[PATCH dpdk] net/tap: add software MAC address filtering
Stephen Hemminger
stephen at networkplumber.org
Thu Mar 19 23:43:35 CET 2026
On Thu, 19 Mar 2026 23:10:35 +0100
Robin Jarry <rjarry at redhat.com> wrote:
> Linux TAP devices deliver all packets to userspace regardless of the
> PROMISC/ALLMULTI flags on the interface. Add an opt-in "macfilter"

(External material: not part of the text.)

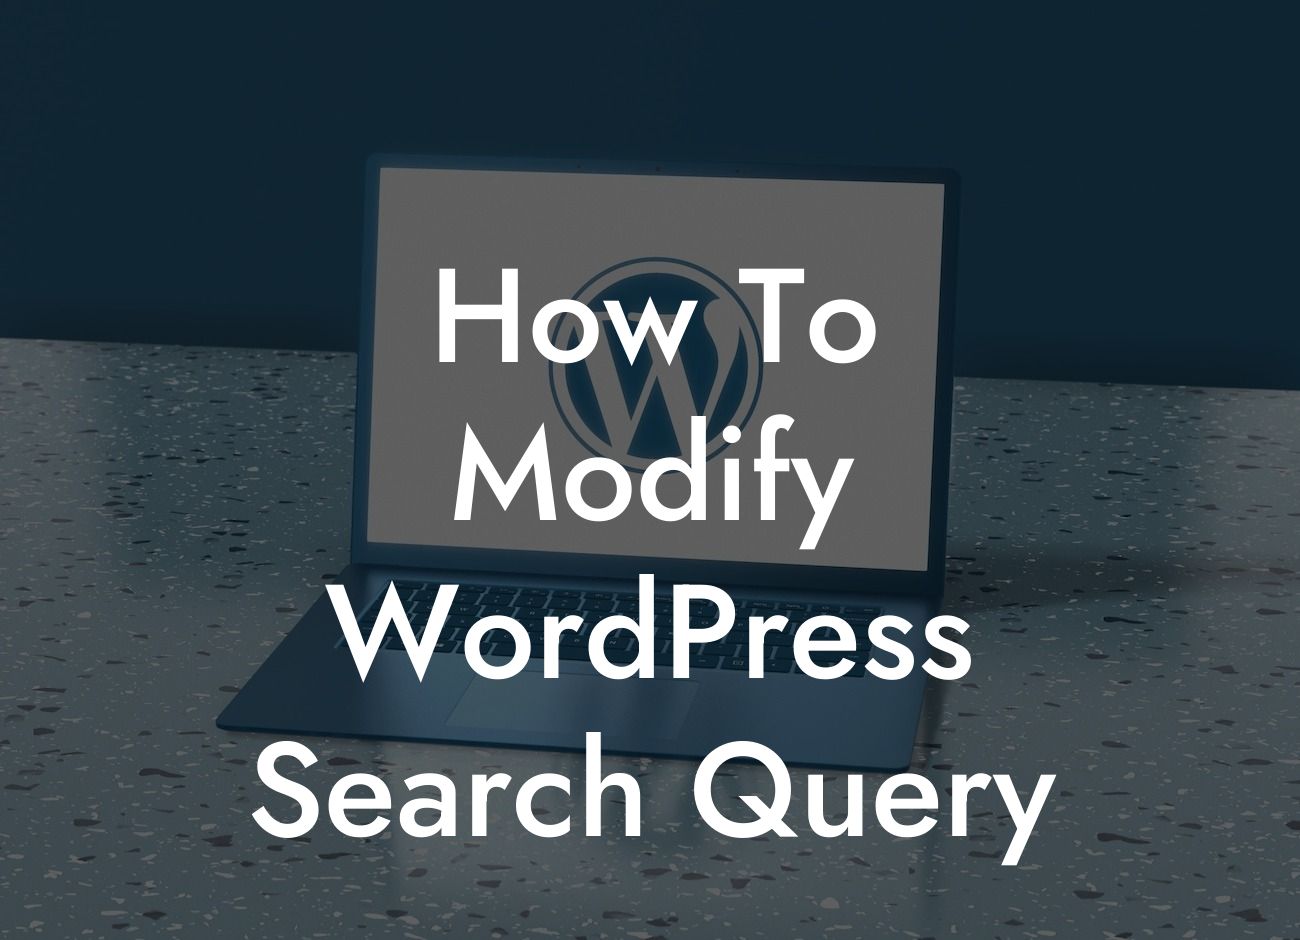 How To Modify WordPress Search Query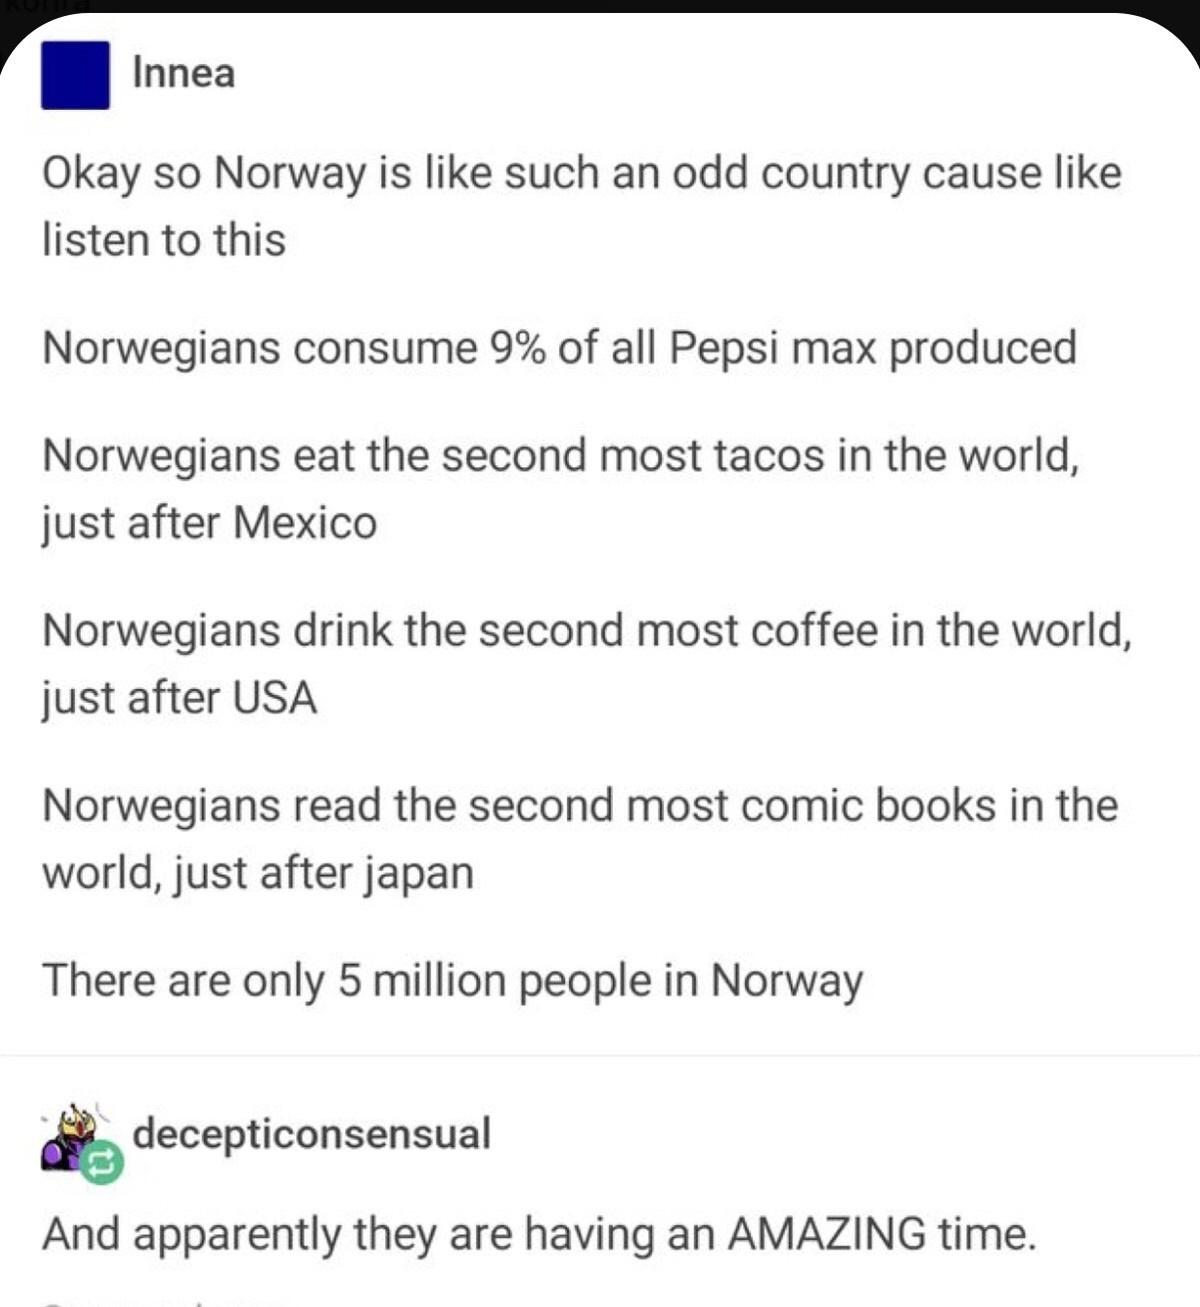 document - Innea Okay so Norway is such an odd country cause listen to this Norwegians consume 9% of all Pepsi max produced Norwegians eat the second most tacos in the world, just after Mexico Norwegians drink the second most coffee in the world, just aft

> devarg that, when enabled, drops received packets whose destination MAC
> does not match any configured unicast or multicast address.
>
> When macfilter is active the receive path checks the destination MAC
> against the device's unicast address table (managed by the ethdev
> layer), the multicast address list (stored by the driver since the
> ethdev layer does not keep a copy), and accepts broadcast
> unconditionally. Promiscuous and all-multicast modes bypass the
> respective checks.
>
> To support multiple unicast addresses via rte_eth_dev_mac_addr_add(),
> allocate mac_addrs with rte_zmalloc (TAP_MAX_MAC_ADDRS=16) instead of
> pointing into dev_private, and advertise the new limit in dev_infos_get.
>
> Dropped packets are reported via per-queue xstats
> (rx_q<N>_mac_filter_drops).
>
> Signed-off-by: Robin Jarry <rjarry at redhat.com>
> ---
> drivers/net/tap/rte_eth_tap.c | 178 ++++++++++++++++++++++++++++++----
> drivers/net/tap/rte_eth_tap.h | 7 ++
> 2 files changed, 167 insertions(+), 18 deletions(-)
>
> diff --git a/drivers/net/tap/rte_eth_tap.c b/drivers/net/tap/rte_eth_tap.c
> index 13e0a23c34a1..f4ea3bc5d160 100644
> --- a/drivers/net/tap/rte_eth_tap.c
> +++ b/drivers/net/tap/rte_eth_tap.c
> @@ -53,11 +53,14 @@
> #define ETH_TAP_MAC_ARG "mac"
> #define ETH_TAP_MAC_FIXED "fixed"
> #define ETH_TAP_PERSIST_ARG "persist"
> +#define ETH_TAP_MAC_FILTER_ARG "macfilter"
>
> #define ETH_TAP_USR_MAC_FMT "xx:xx:xx:xx:xx:xx"
> #define ETH_TAP_CMP_MAC_FMT "0123456789ABCDEFabcdef"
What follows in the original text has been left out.